The radial passageways 26 are shown in FIGS. 2, 3 and 4 and extend
all the way from the root 24 to the tip or outer radial extremity
of each blade. The lower sides of the blades 18 as viewed in FIG. 2
are referred to as the high-pressure sides 29 and are those sides
against which hot gases under pressure are directed in order to
cause the rotor to turn in the direction of arrow 30 shown in FIG.
1. The other side 32 of each blade also extends between the leading
and trailing edges 20 and 22 and is referred to as the low-pressure
side. Hot gases, in passing through the blades, generally follow
the path of arrows 34. The point of highest pressure on the blades
is at the high-pressure side 29 adjacent the leading edge 20. As
the gas travels from the leading to the trailing edge of the blade,
it expands and its pressure reduces.

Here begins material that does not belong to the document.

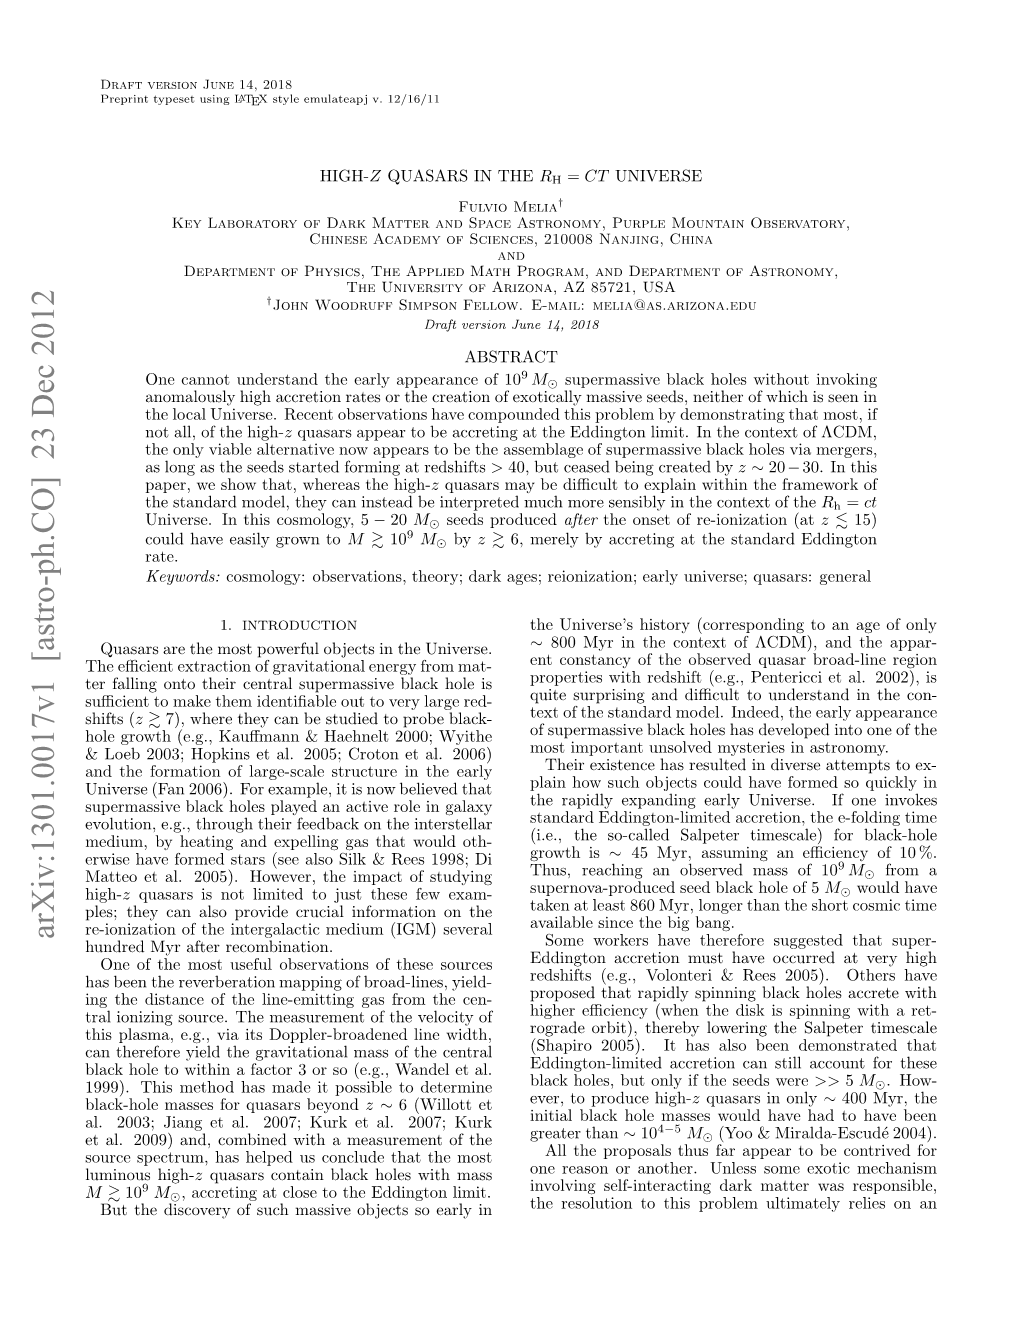 Arxiv:1301.0017V1 [Astro-Ph.CO] 23 Dec 2012 M L 03 in Ta.20;Kr Ta.20;Kurk 2007; Most the the Al

Consequently, the point of
lowest pressure is at the low-pressure side 32 near the throat area
B.
In accordance with the present invention, the tip of each blade 18
is provided with a walled cavity, generally indicated by the
reference numeral 36 in FIGS. 2-4, which is formed by a wall 38
extending along the top of the high-pressure side 29 from the
trailing edge 22 to the leading edge 20 and thence along
approximately one-half the length of the low-pressure side 32 to
point A which is just downstream of the throat B between the
trailing edge 22 of one blade and the low-pressure side of the
following blade. The radial passageways 26 terminate at the bottom
37 of the cavity 36, as perhaps best shown in FIG. 3. In this
manner, the gas discharges into an area within the cavity 36 of
relatively constant pressure, meaning that the pressure which gases
issuing from the passageways 26 at the leading edge 20 experience
is approximately the same as that experienced by the gas leaving
the passageways 26 adjacent the trailing edge 22. The depth of the
cavity 36 is adjusted to provide an area at C which is
substantially greater than the combined area of the cross sections
of the cooling passages 26 upstream of point A. This permits the
discharge pressure for the upstream holes to approach the pressure
at point A, approximately the lowest pressure on the blade
surface.
The present invention thus provides a means for attaining a uniform
flow of cooling fluid through radial passages in a turbine blade
from its leading to its trailing edge, independent of operating tip
clearances between the blade tip and the stationary turbine walls.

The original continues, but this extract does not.